Morningstar Publishes Paper about How to Increase Interest in 529 Plans
Morningstar Inc. has released a research paper about family use of 529 plans, New Lessons about 529s. The paper shows that getting middle-income families to shift college savings to 529 plans will yield increased investment returns. The paper also provides practical ideas for getting more families to invest in 529 plans.
Switching College Savings Vehicles could Increase Investment Returns
The paper shows that changing the way that families save for college could have a big impact on college savings, even without any increase in the amount they save. Shifting college savings funds from low-yield bank accounts into 529 college savings plans could yield an additional $4,000 in college savings per child.

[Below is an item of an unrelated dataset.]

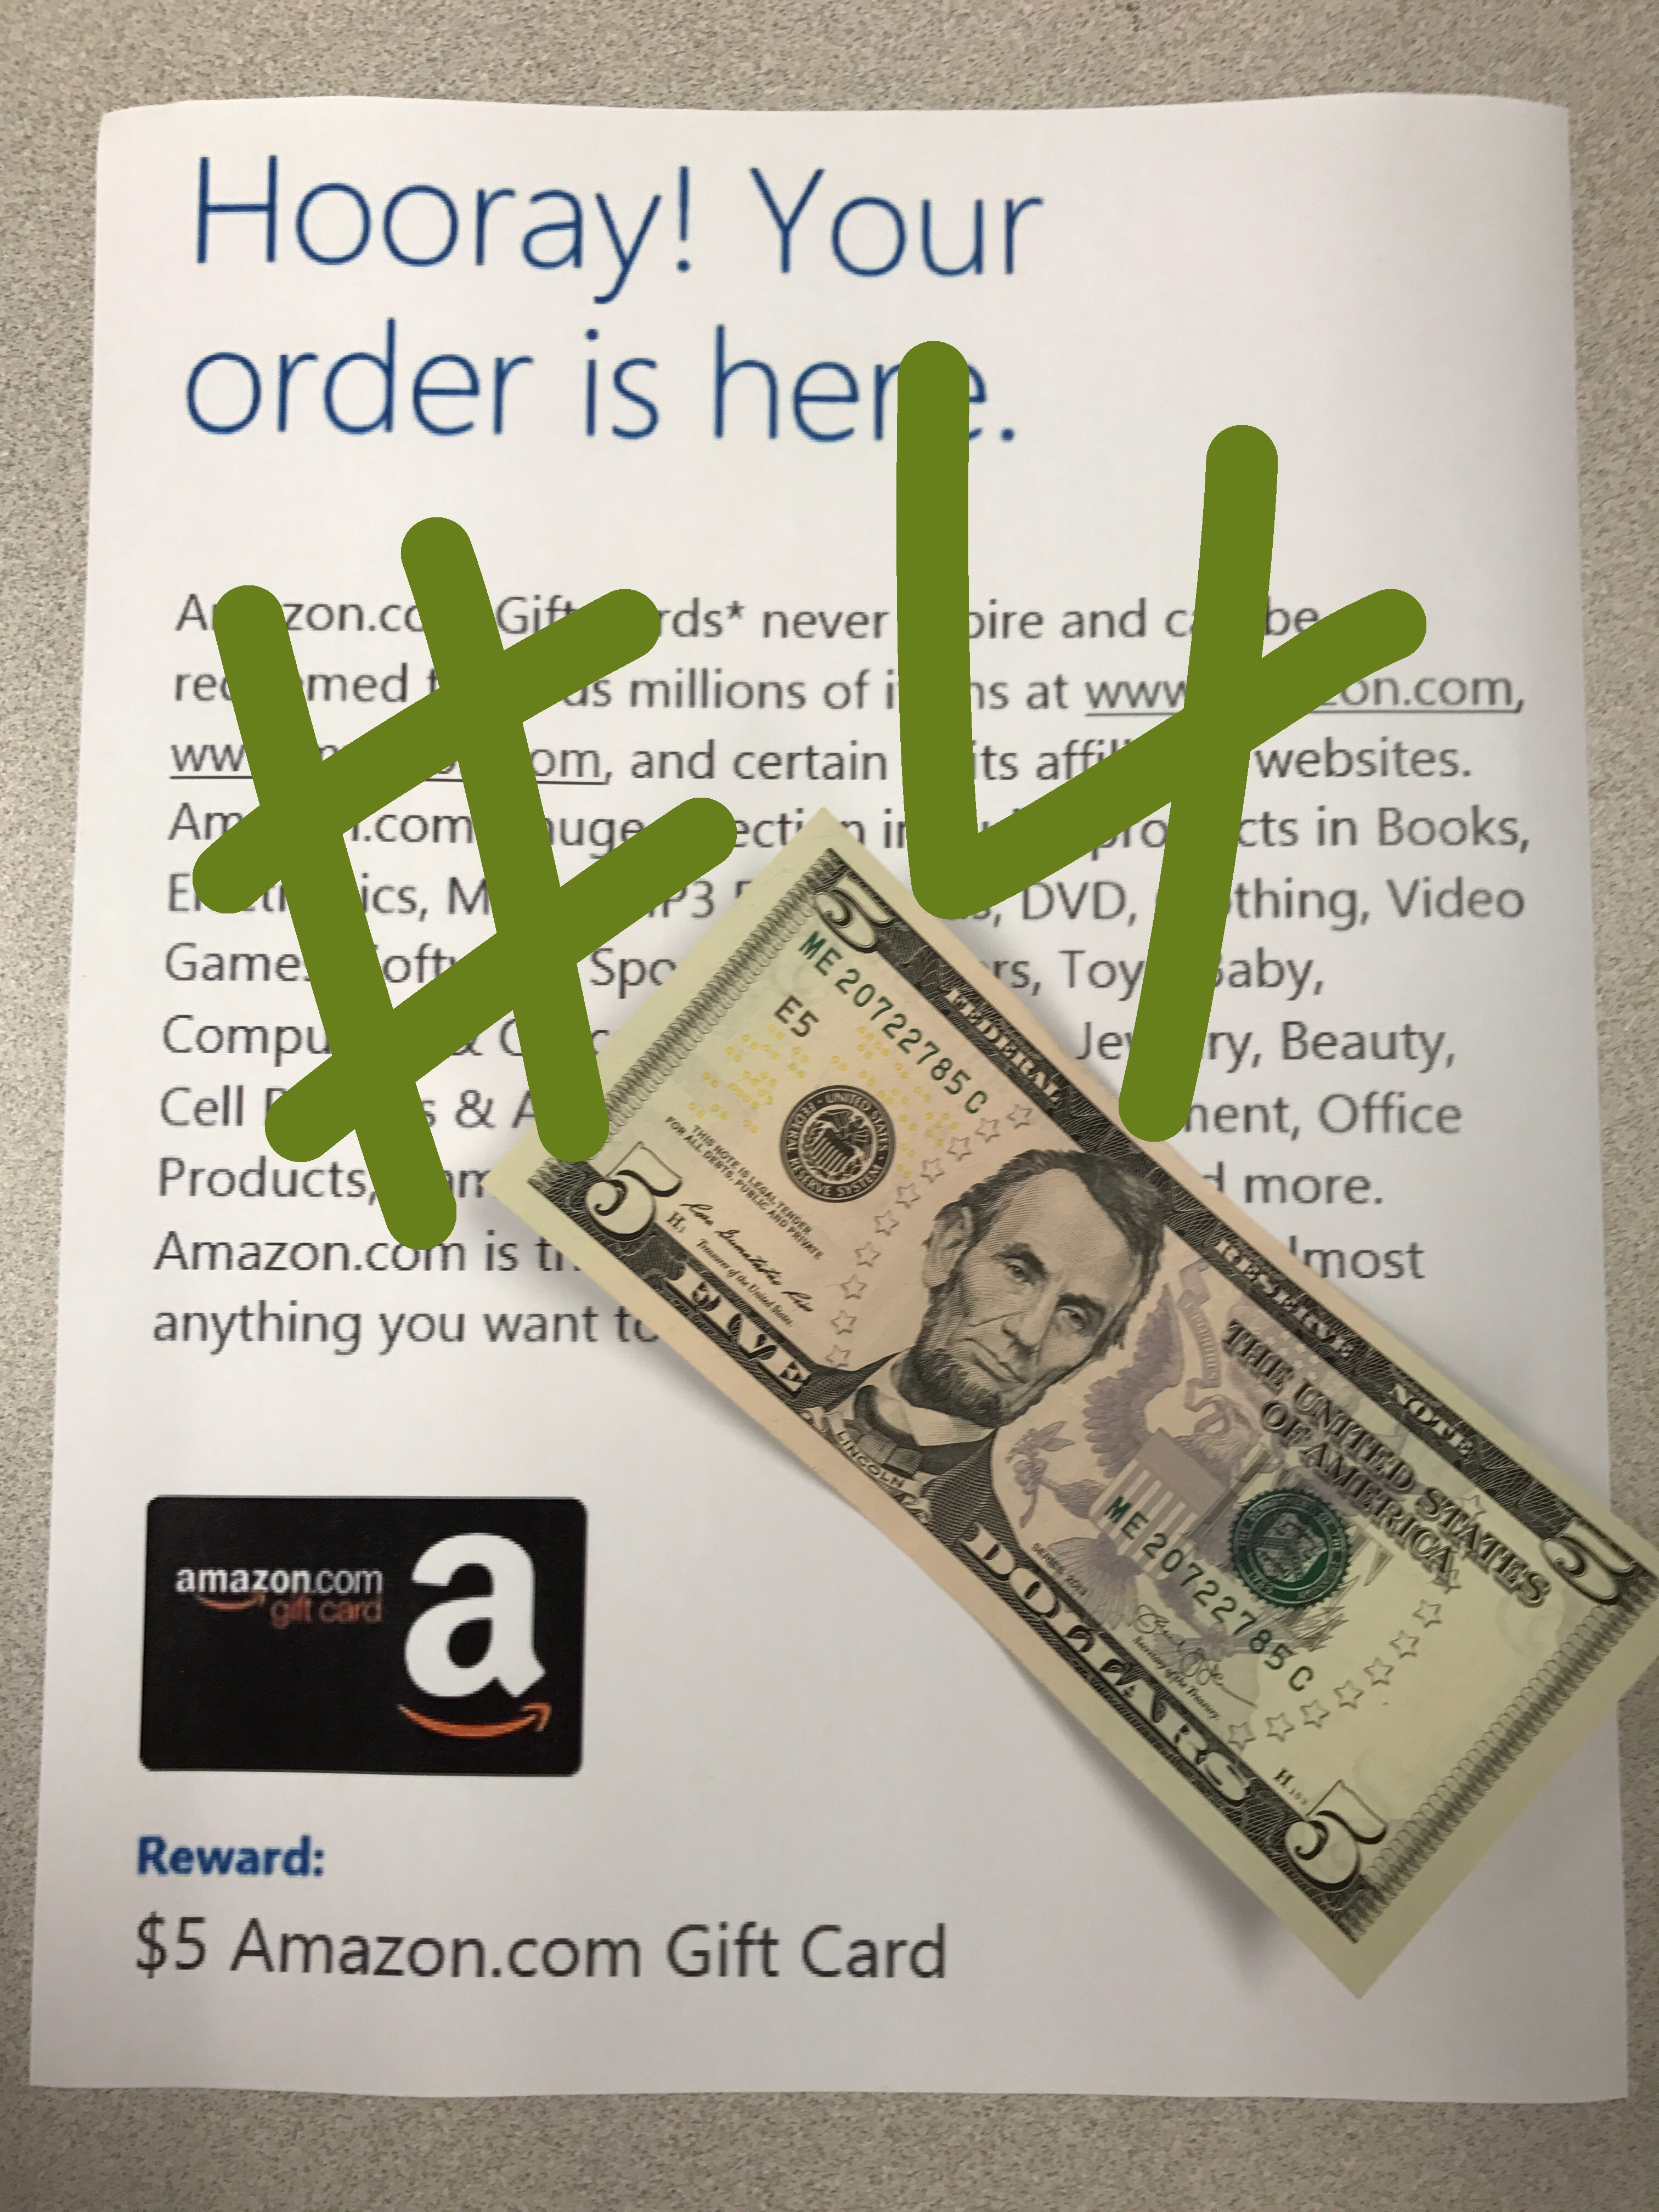 microsoft reward points  u2013  5 amazon gift card  4  u2014 dave gates
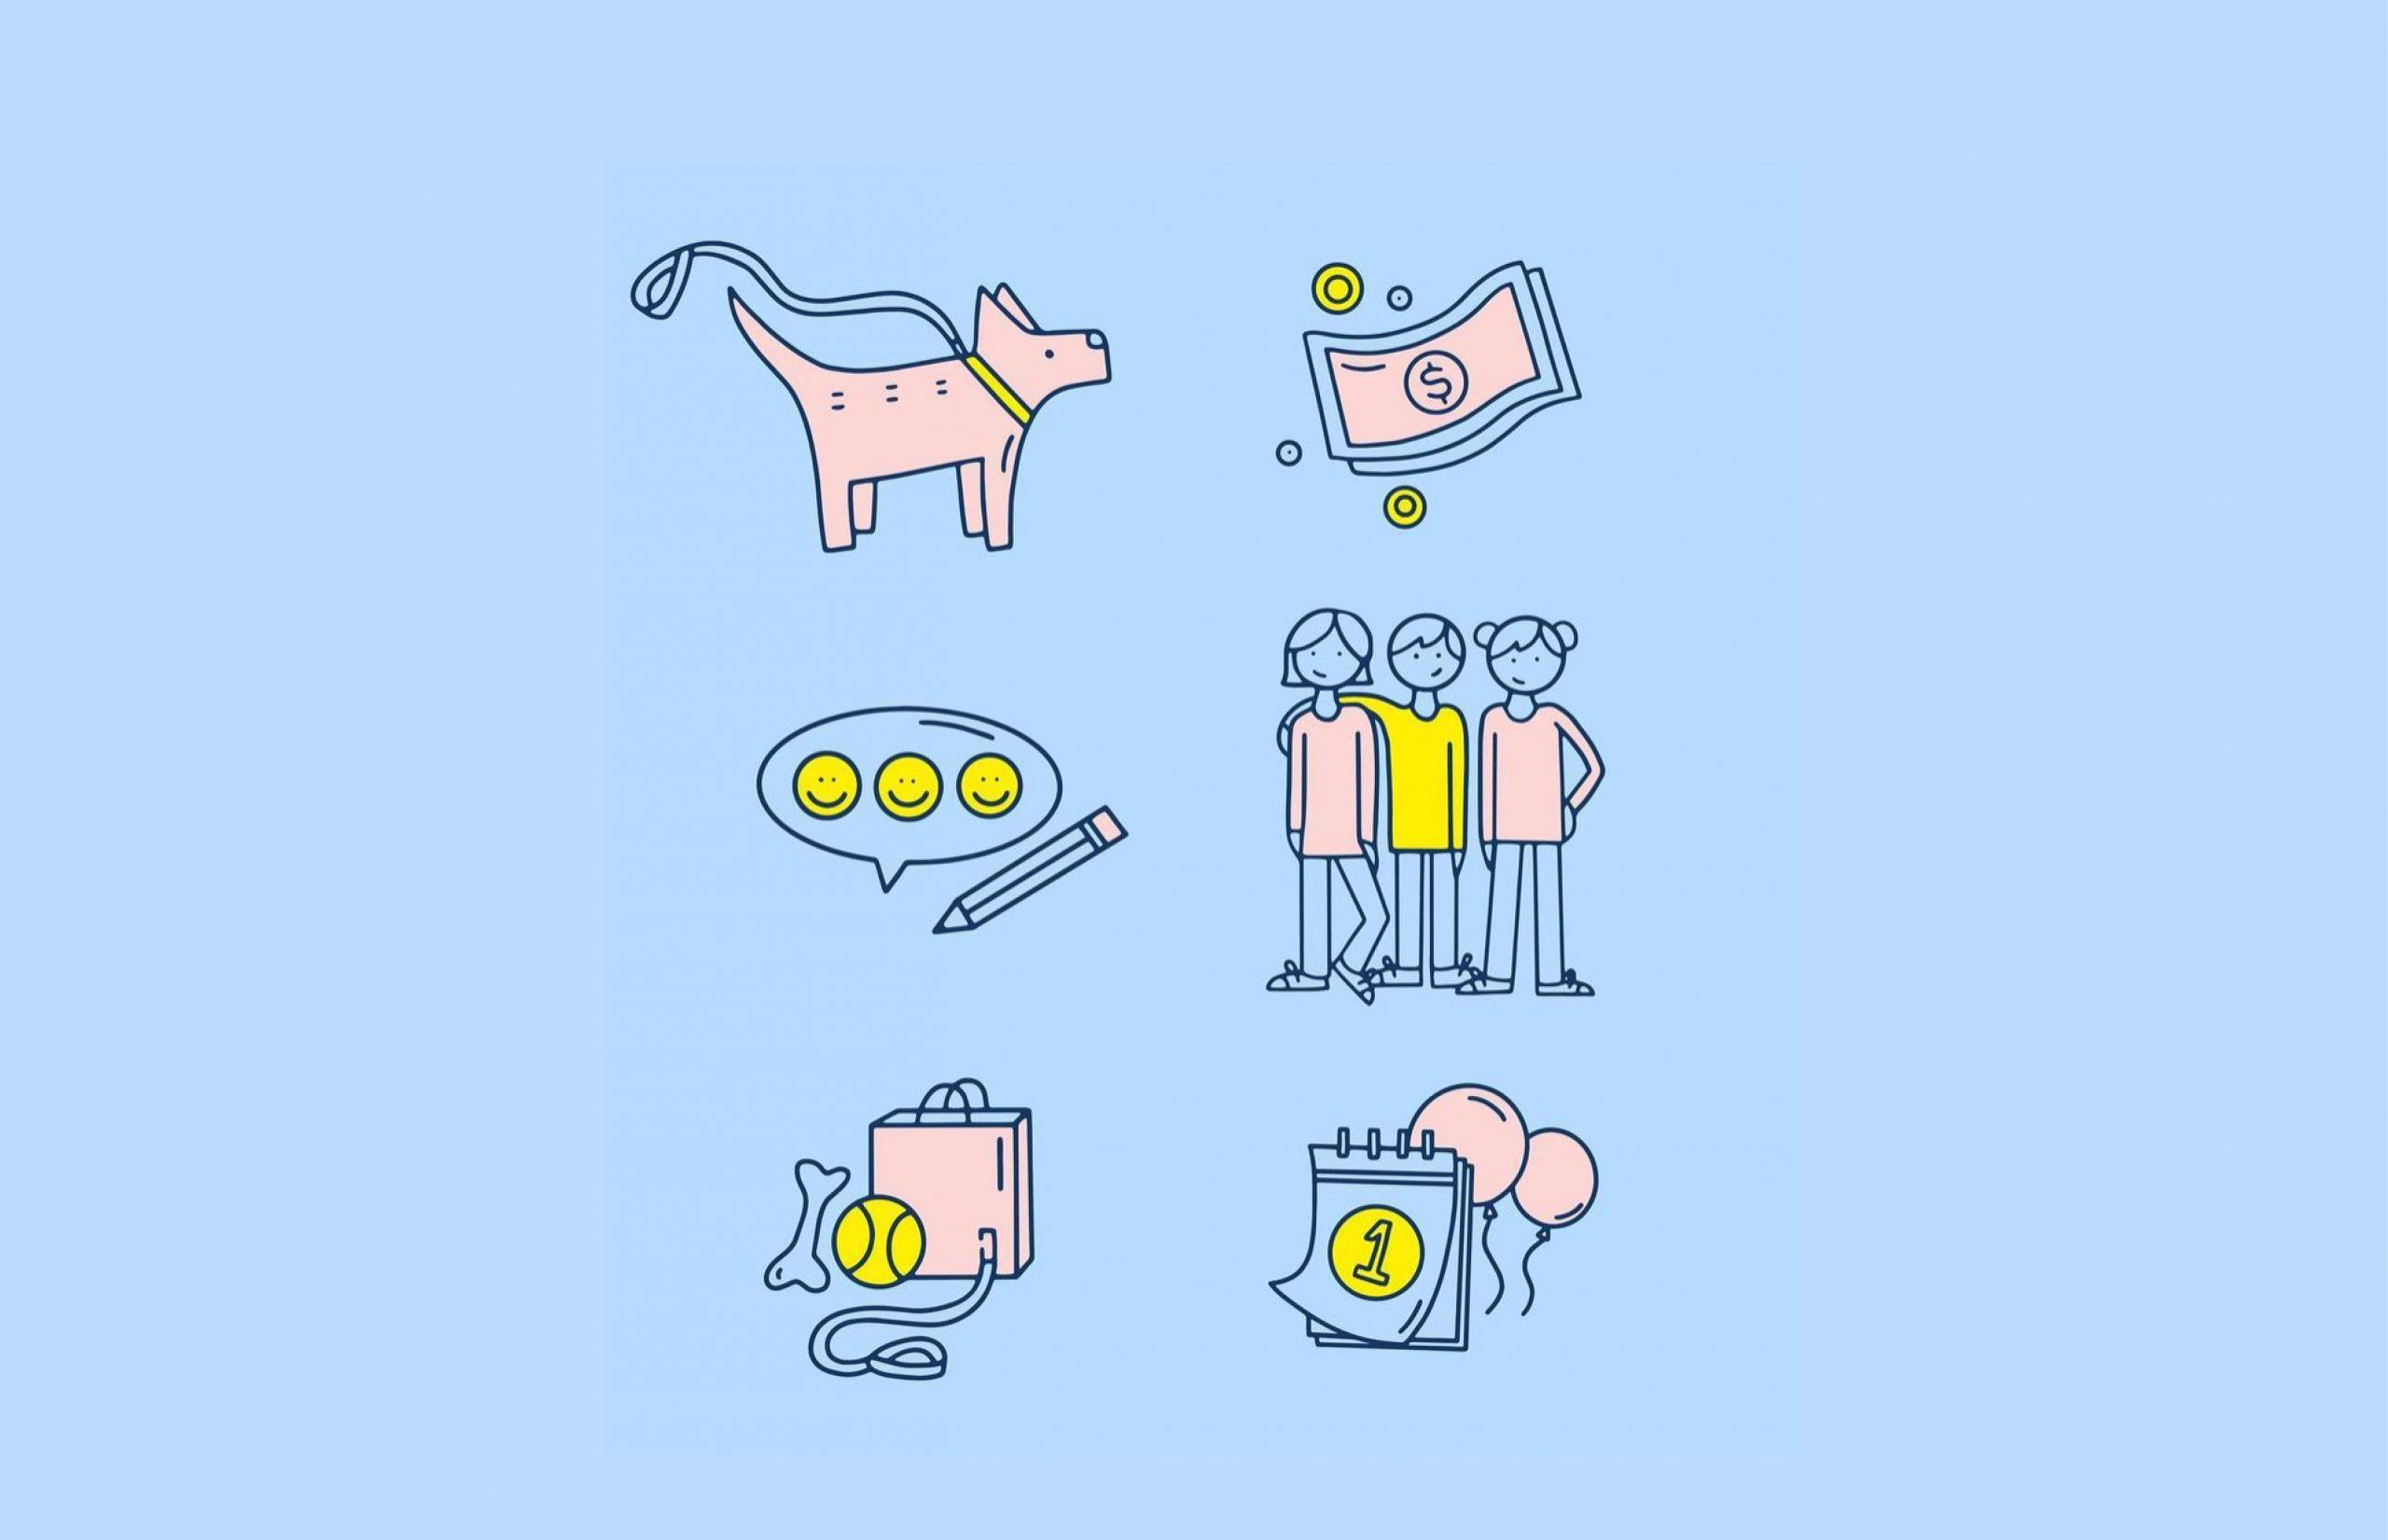 dog icon, money icon, speech bubble icon, friends icon, dog toys icon, calendar icon

Most of the benefit of shifting college savings into 529 college savings plans comes from investing the money and from capital gains, not from state income tax benefits. More than two thirds (68%) of the increase comes from investing returns, a fifth (21%) from capital gains and only a tenth (11%) from state income tax benefits.
Middle-Income Families Benefit the Most
Middle-income families will benefit the most from shifting college savings funds into 529 plan accounts. More middle-income families are using low-yield accounts to save for college than high-income families. Most high-income families are already invested in 529 plans. Middle-income families have also saved more money for college than low-income families.
Visual Comparisons of Financial Benefits are Effective in Influencing Behavior
Morningstar found that visual comparisons of the financial benefits of 529 plans over other account types had the greatest impact on the allocation of college savings funds among the various account types.
The most effective interventions included a table summarizing the advantages and disadvantages of 529 plans and a graph comparing the financial benefits of 529 plans with other account types. These helped address the information overload and complexity of choosing a 529 plan versus other types of accounts.
The paper also argues that providing personalized advice is essential to helping families make smarter financial decisions.